→ RECORDED INFORMATION:
'''

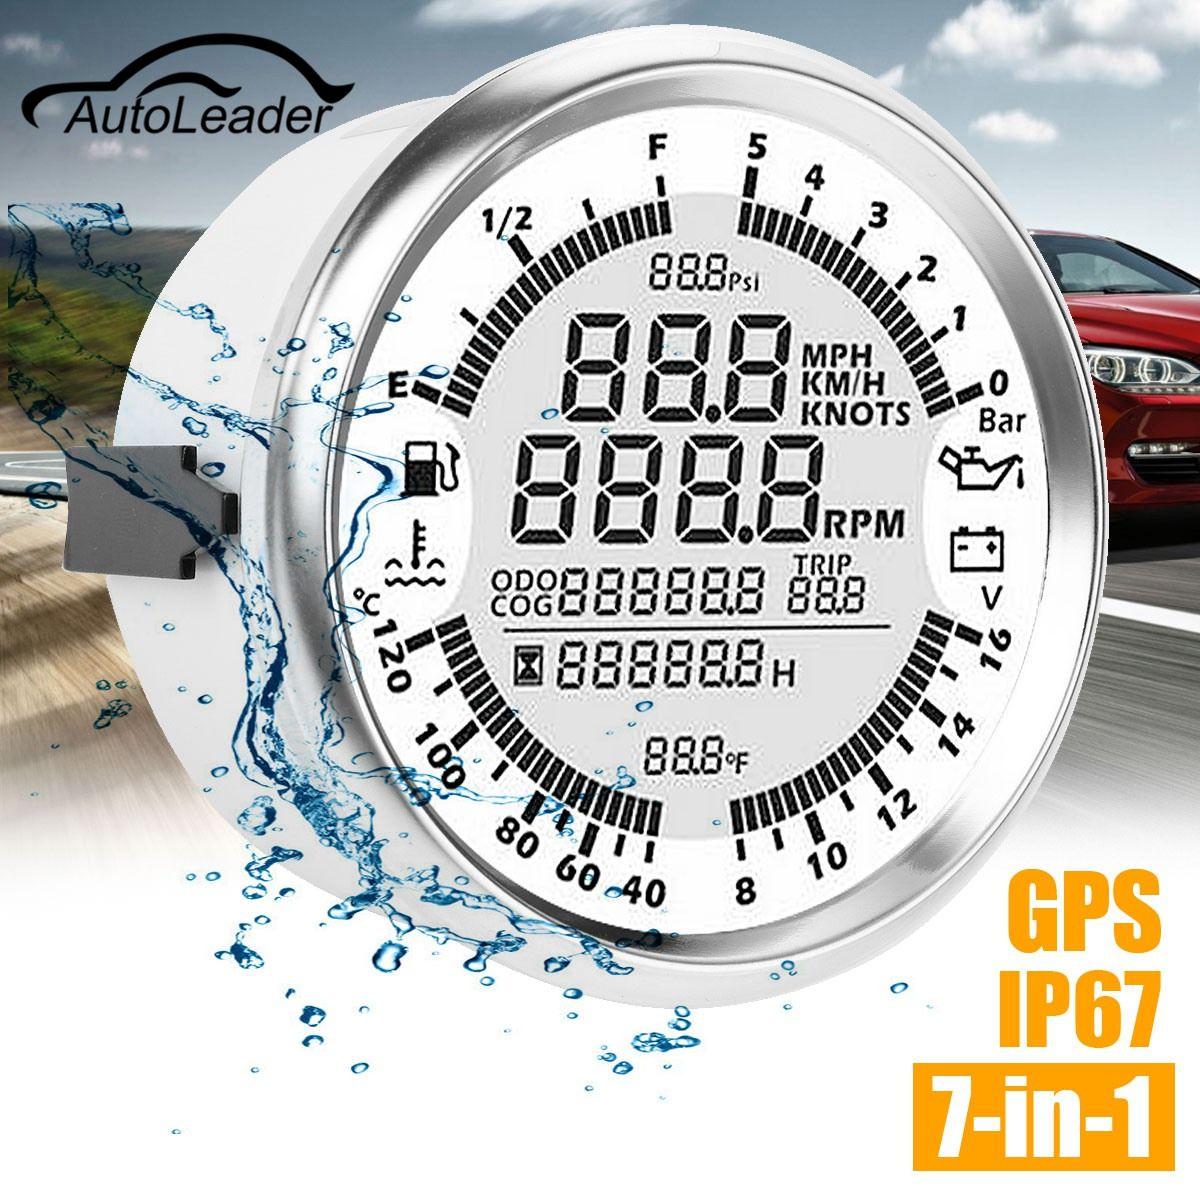 Autoleader 85mm GPS Speedometer Oil Pressure Gauge Fuel Gauge Tachometer Speed Boat Car DIY
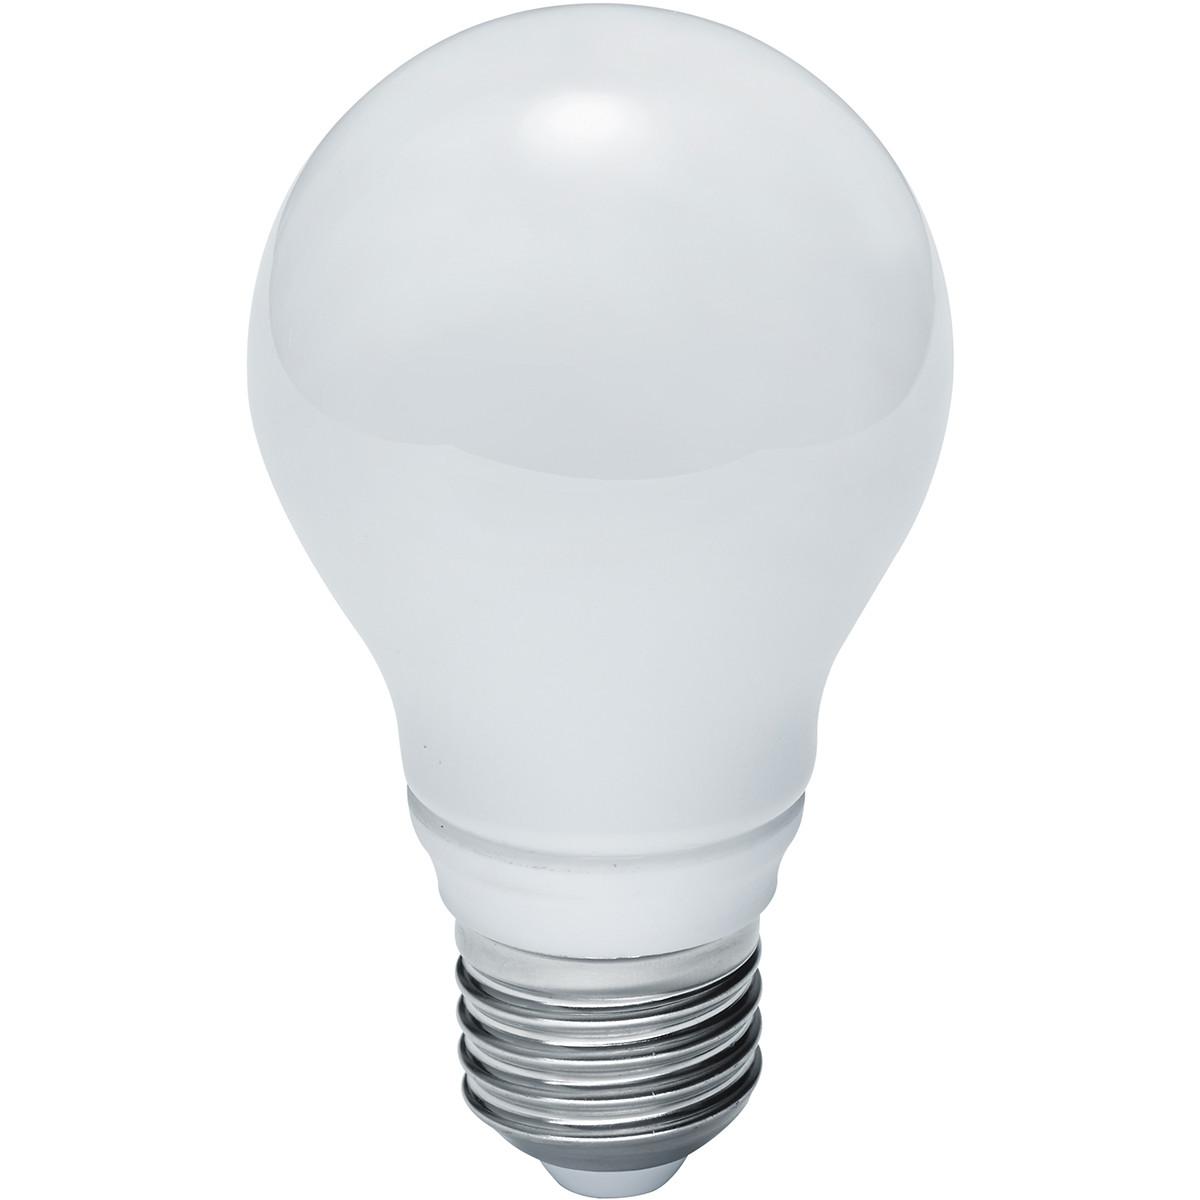 LED Lamp WiZ - Smart LED - Trion Akusti - E27 Fitting - 8W - Slimme LED - Dimbaar - Mat Wit - Kunsts
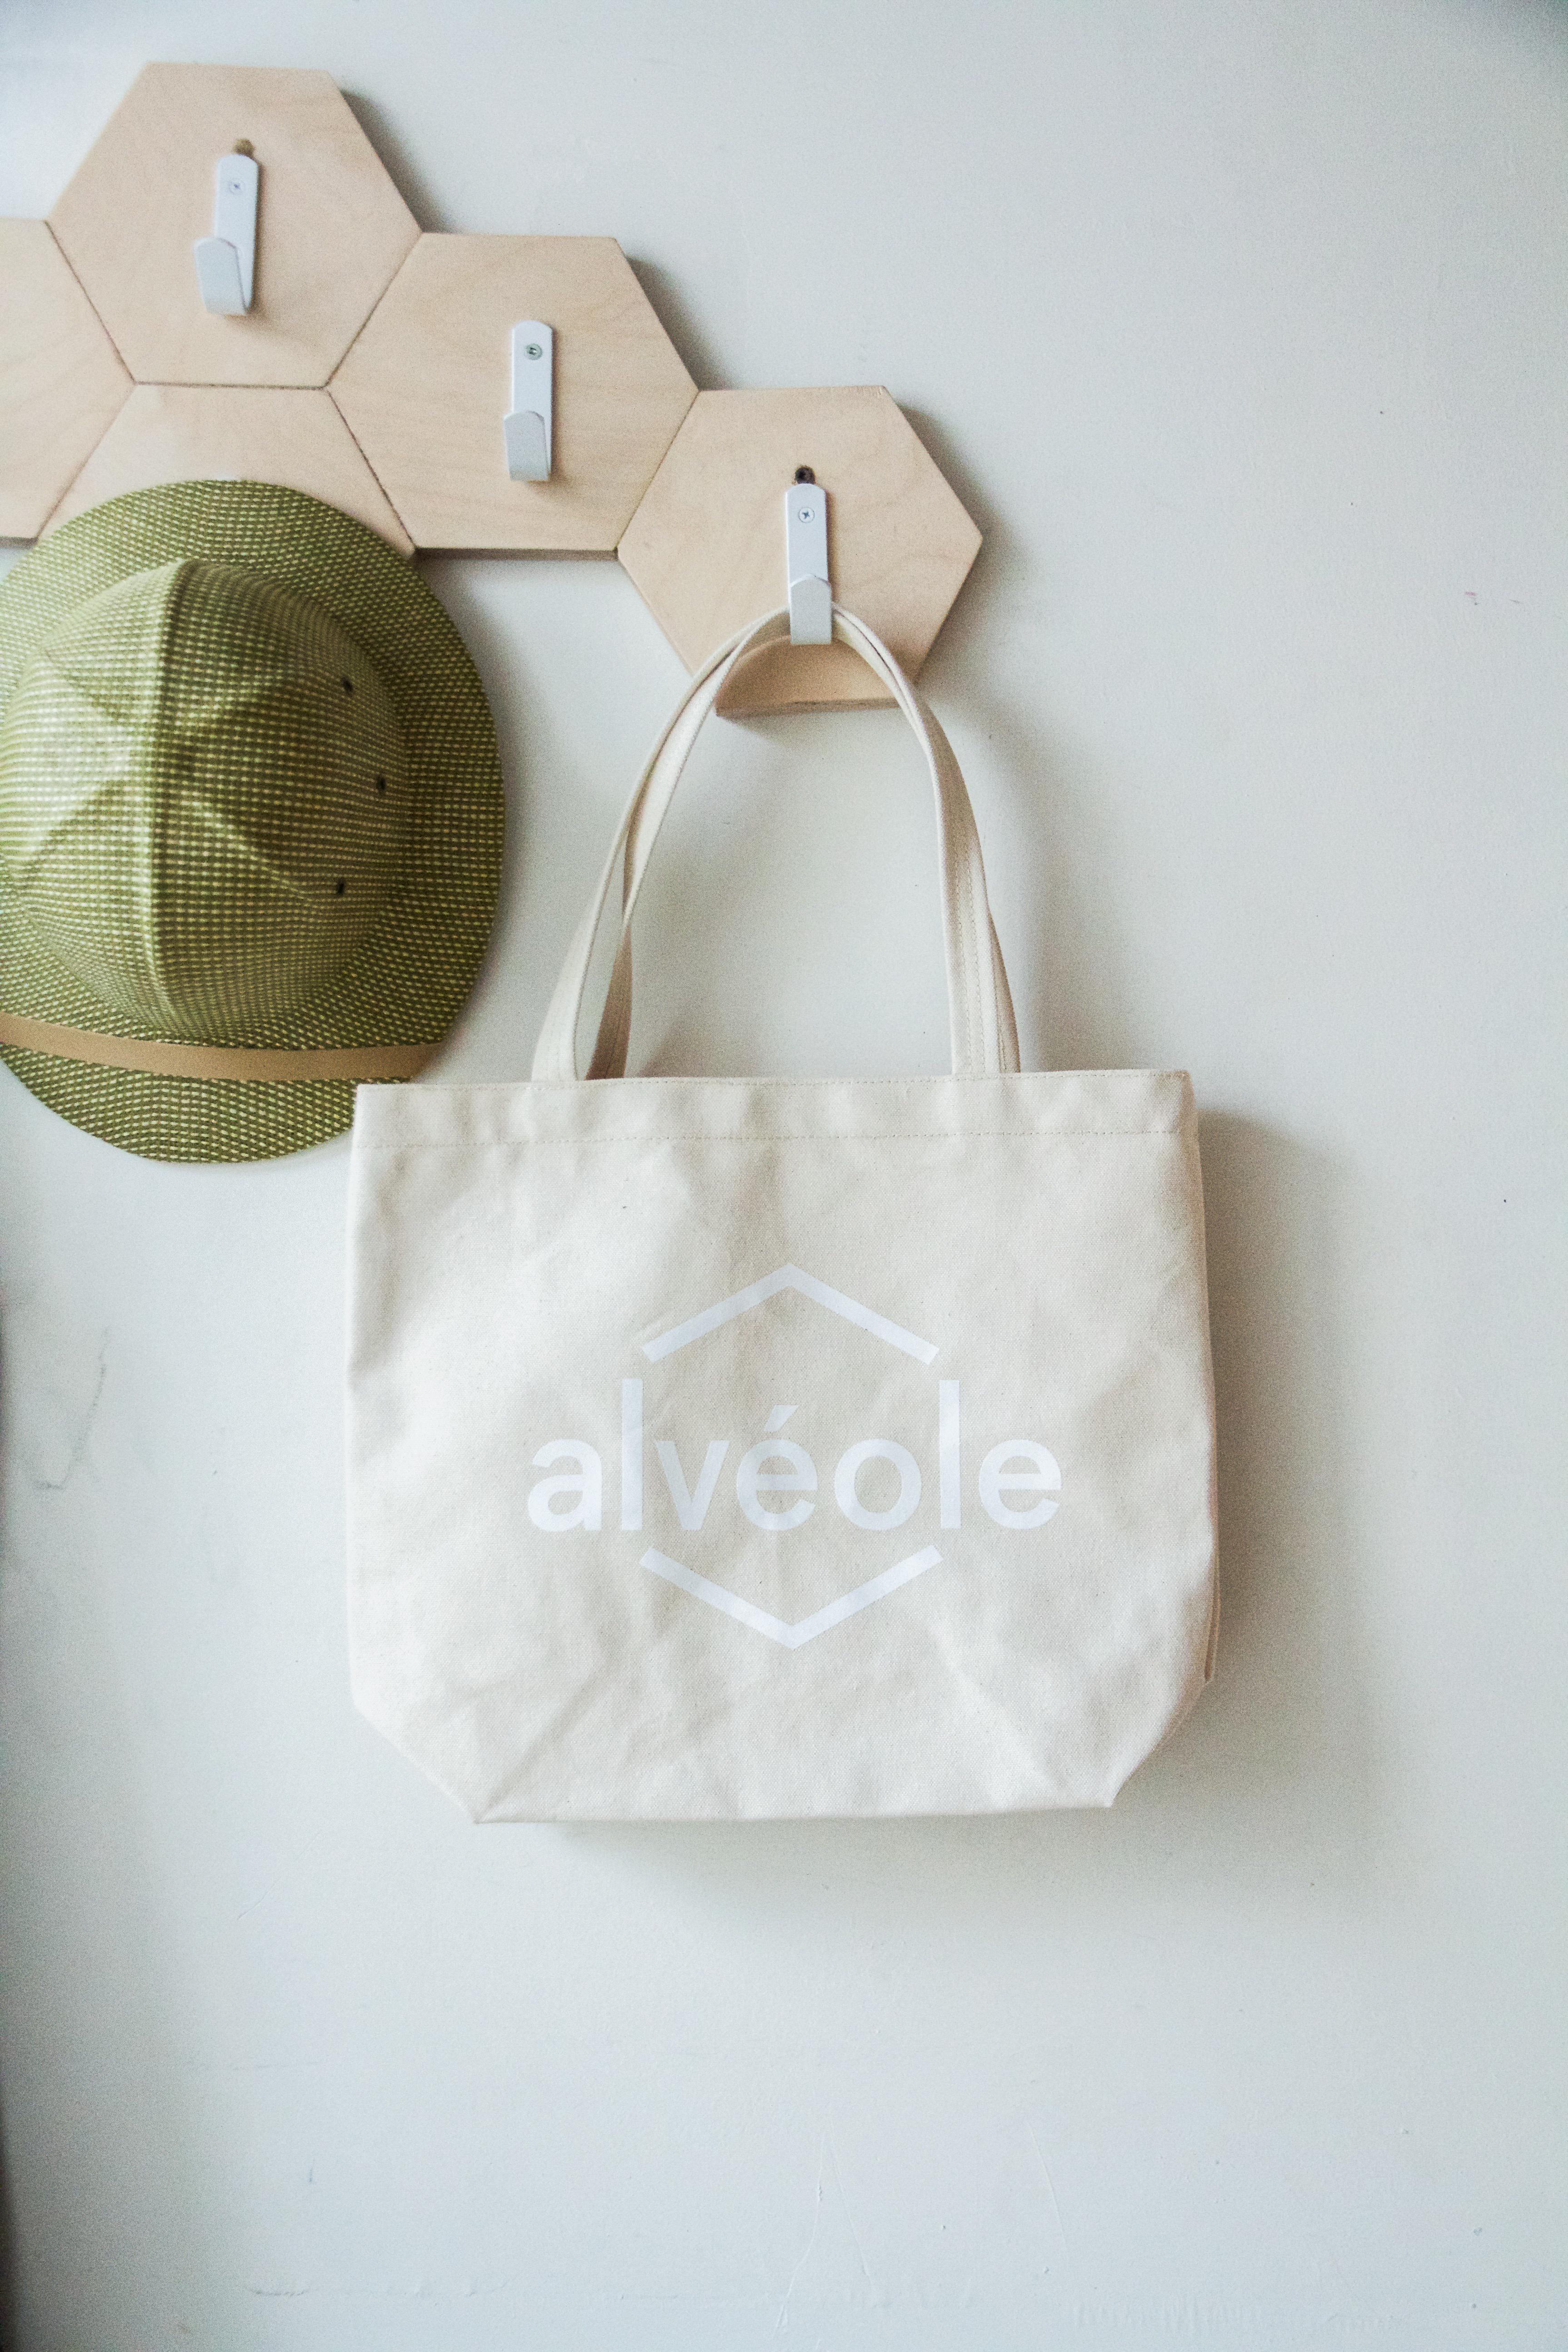 Alveole-12

'''

→ WORK TASK: Transcribe only the lines from the line holding "LED Lamp WiZ" to the final line of the listing above. Keep them exact, include both ends, and skip the pictures.

→ RESPONSE:
 LED Lamp WiZ - Smart LED - Trion Akusti - E27 Fitting - 8W - Slimme LED - Dimbaar - Mat Wit - Kunsts
 Alveole-12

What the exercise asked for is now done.